## What to do
Repeat, line for line, only the span that opens at the "TALL HEIGHTS™ HOODED SOFTSHELL" line and closes at the final line below. Skip the pictures.

## Data block
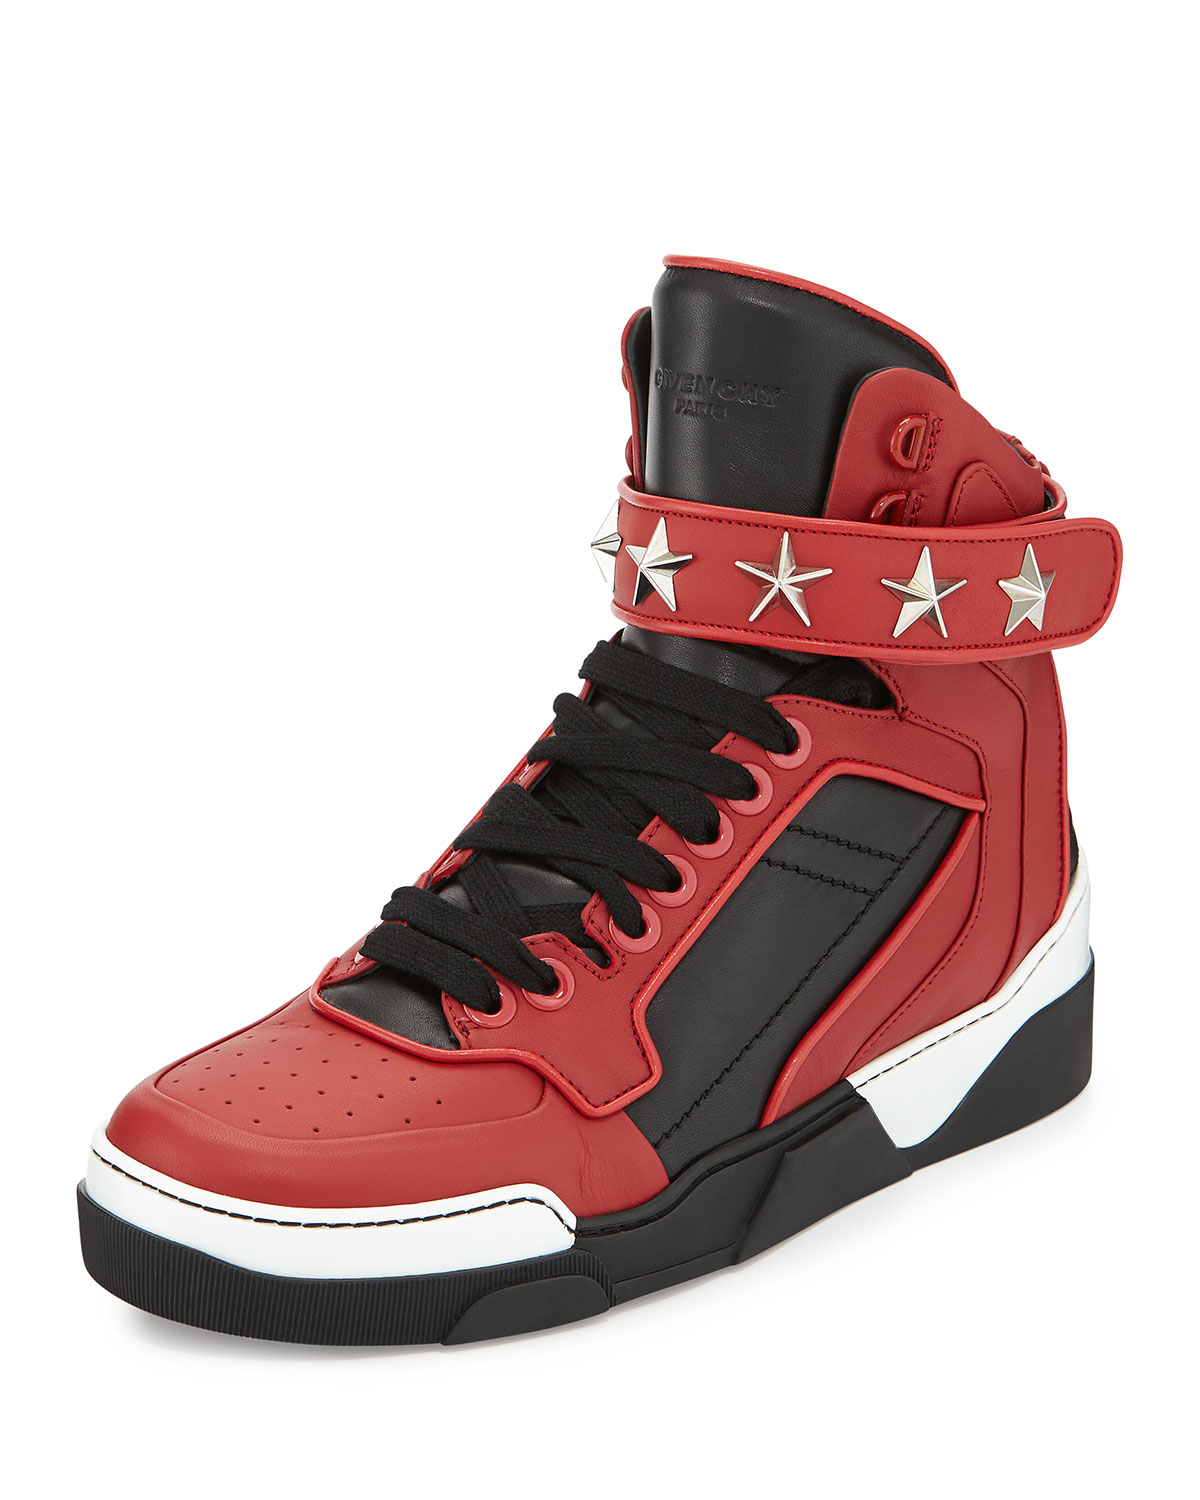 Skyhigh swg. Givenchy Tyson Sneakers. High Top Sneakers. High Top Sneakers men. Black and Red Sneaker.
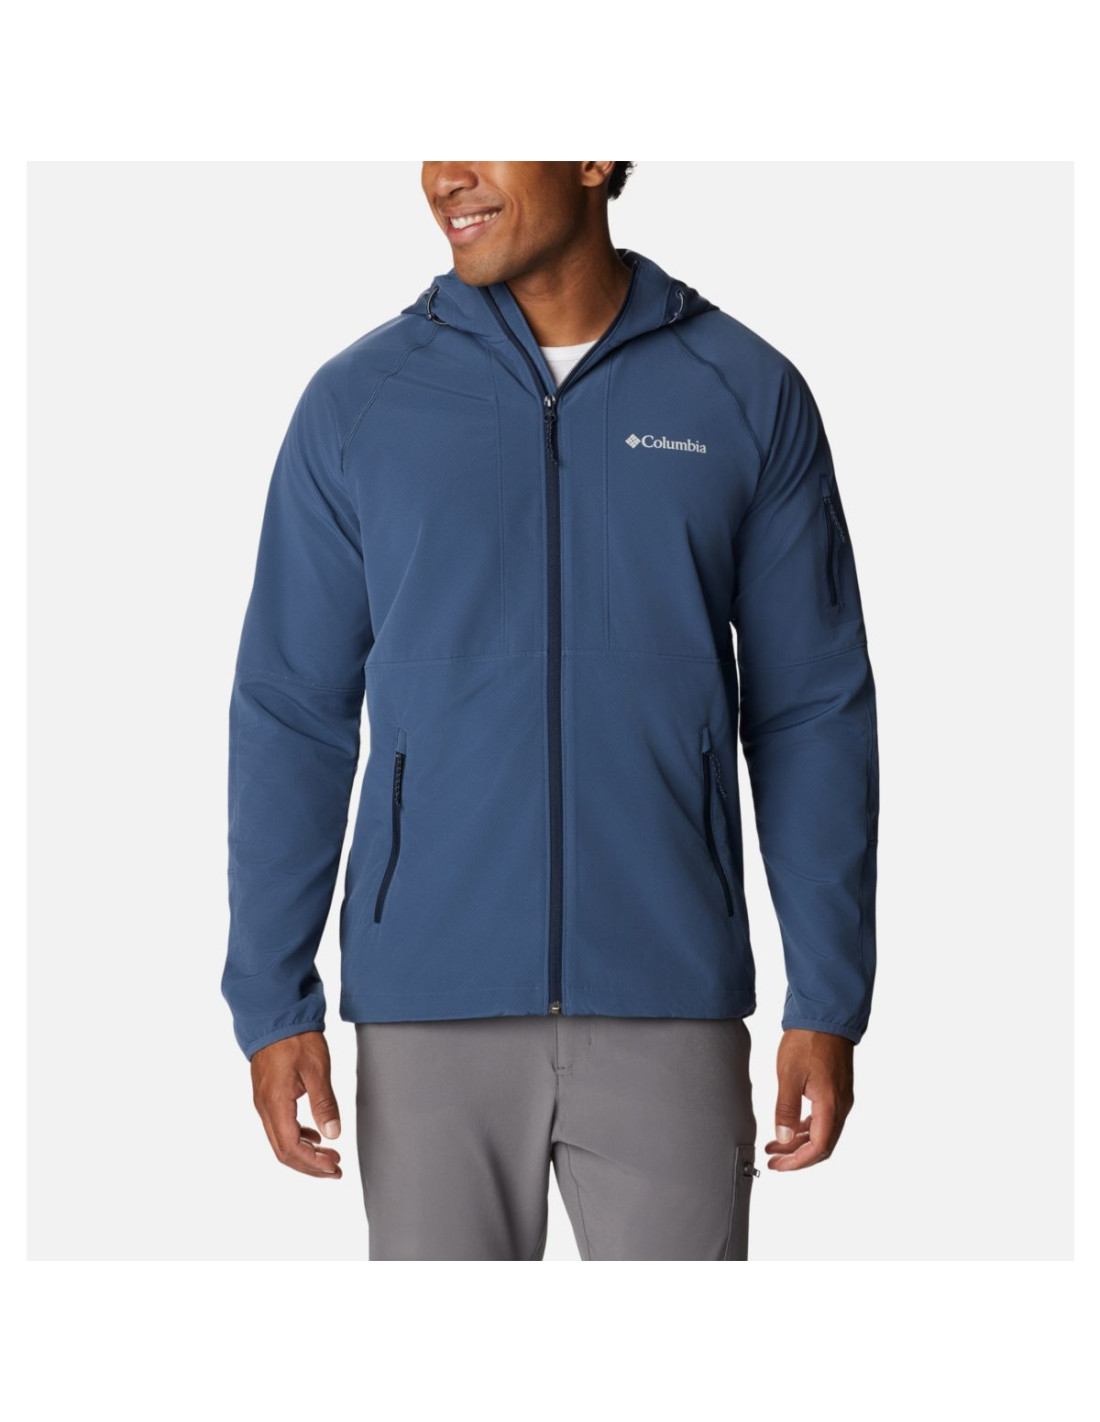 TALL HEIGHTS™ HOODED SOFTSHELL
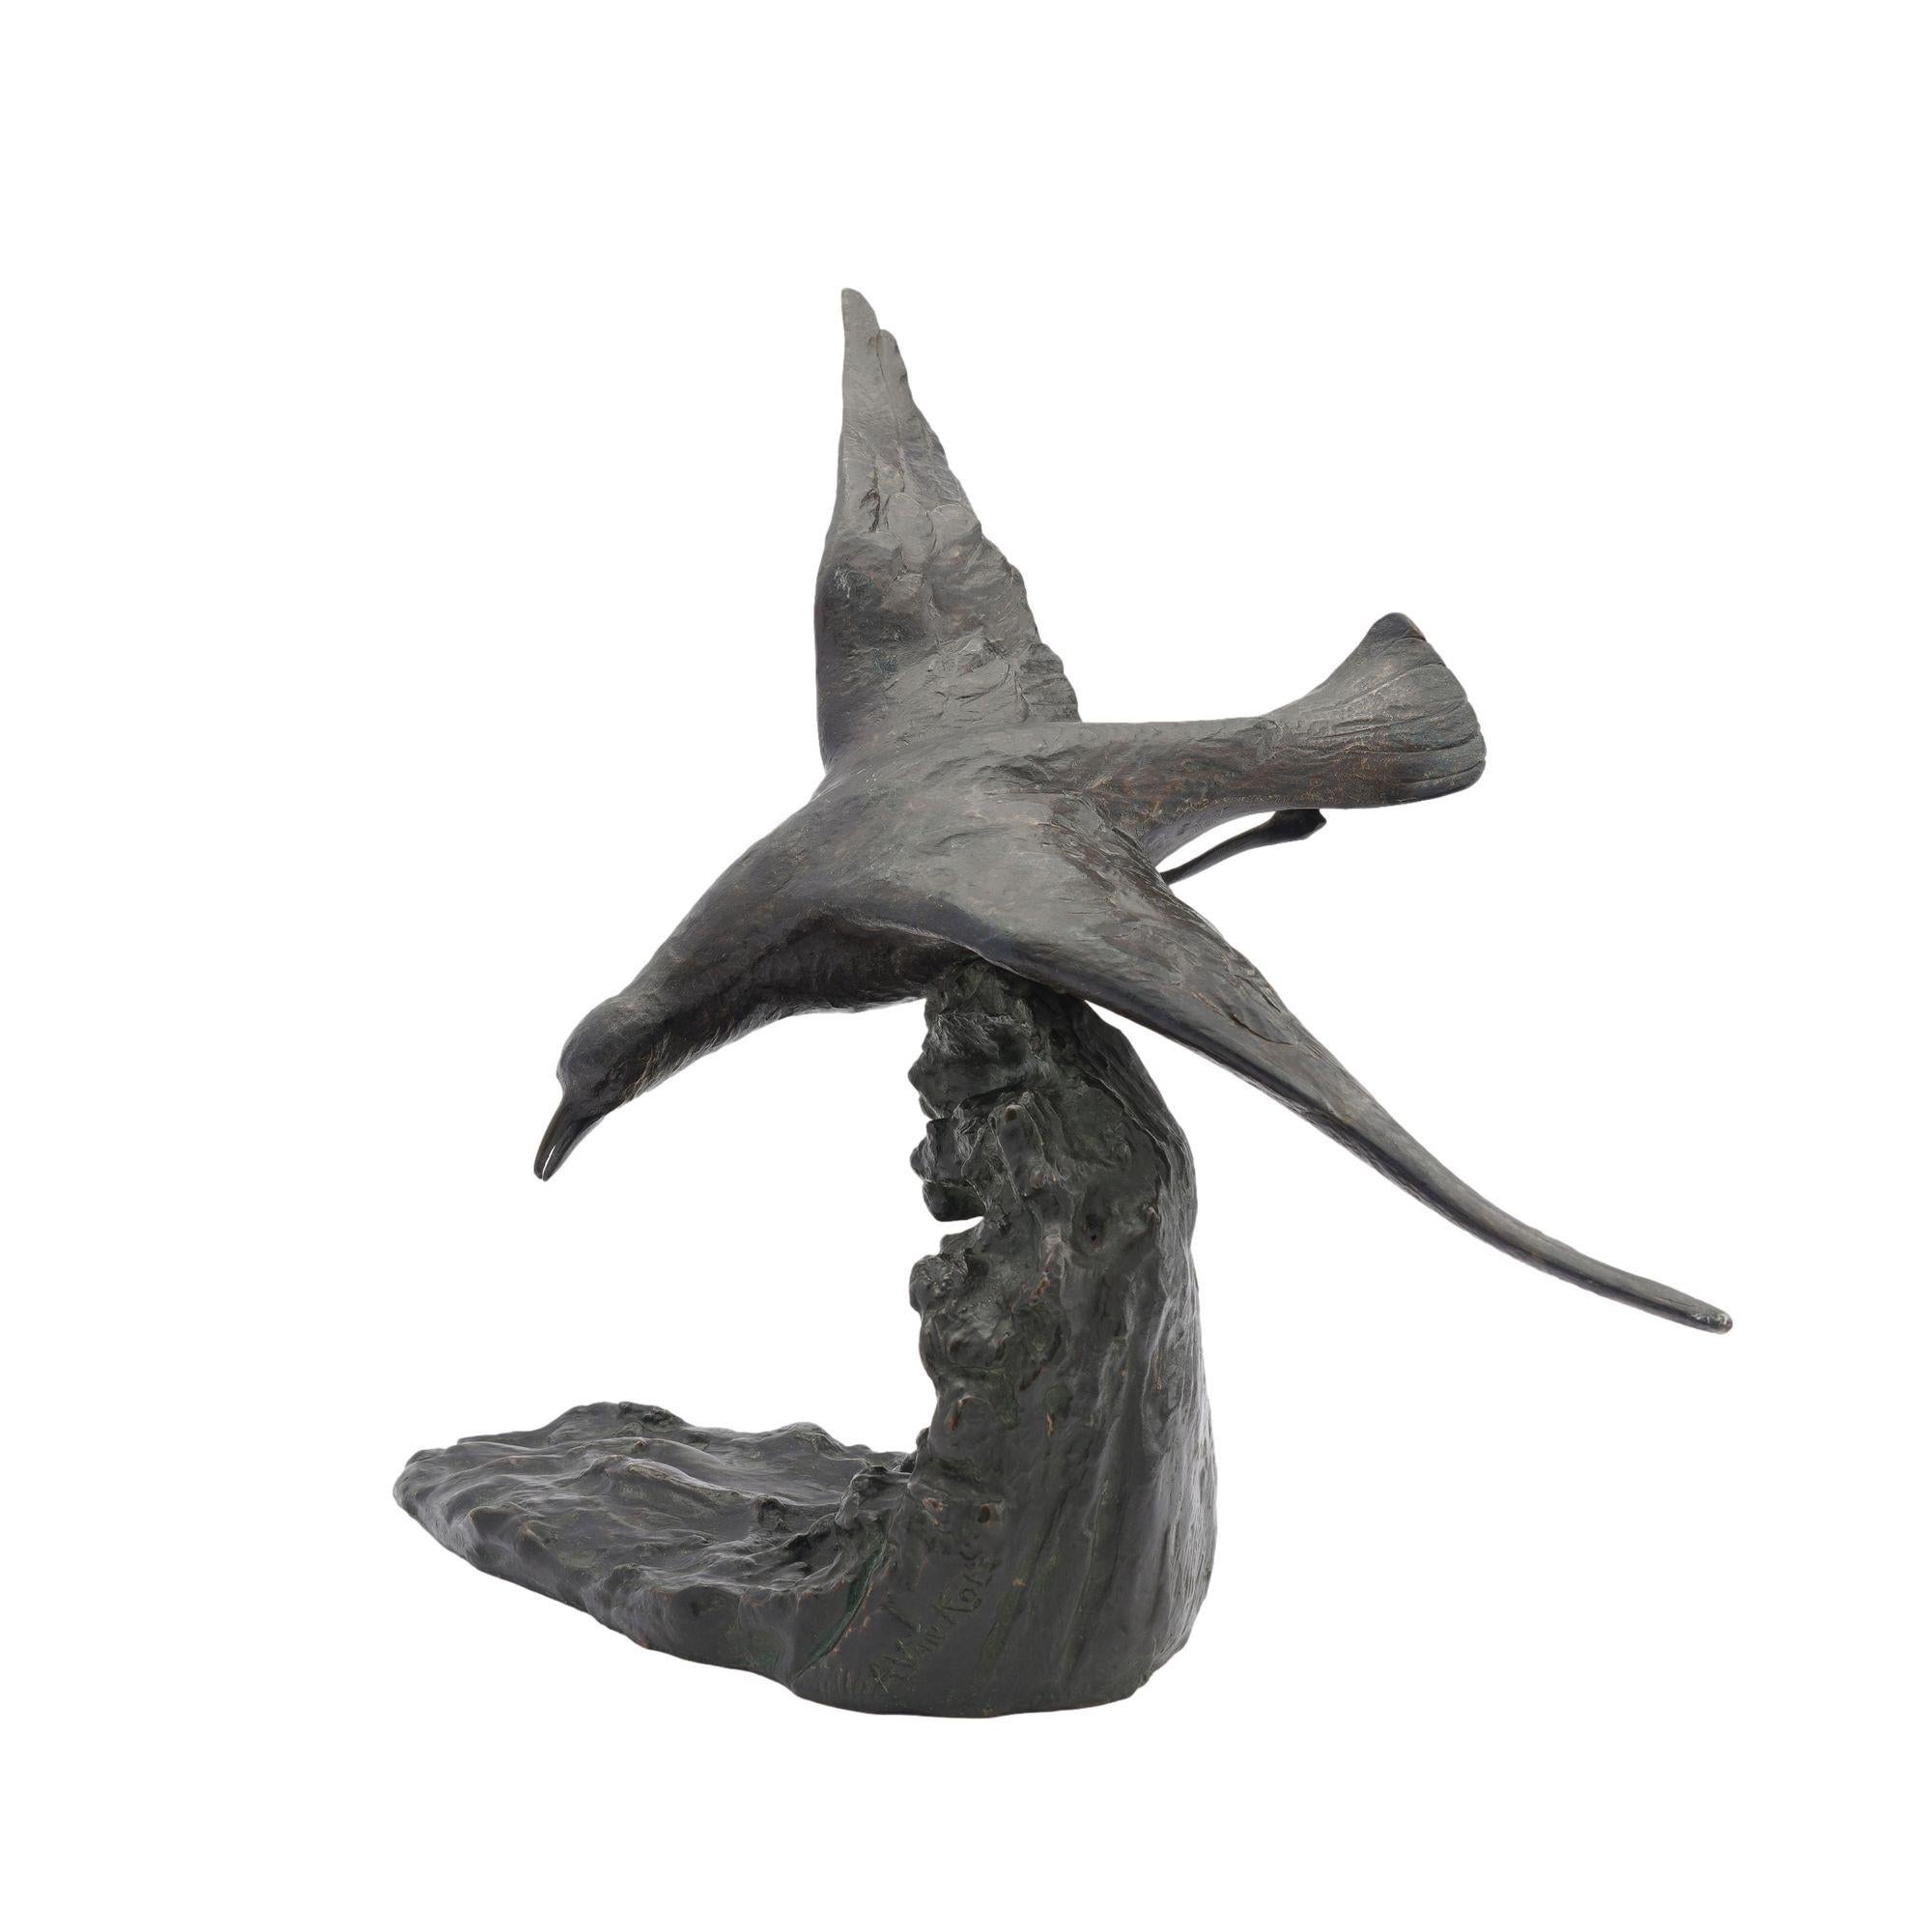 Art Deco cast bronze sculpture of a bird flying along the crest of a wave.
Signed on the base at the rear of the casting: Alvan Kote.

## Answer below
 TALL HEIGHTS™ HOODED SOFTSHELL
 Art Deco cast bronze sculpture of a bird flying along the crest of a wave.
Signed on the base at the rear of the casting: Alvan Kote.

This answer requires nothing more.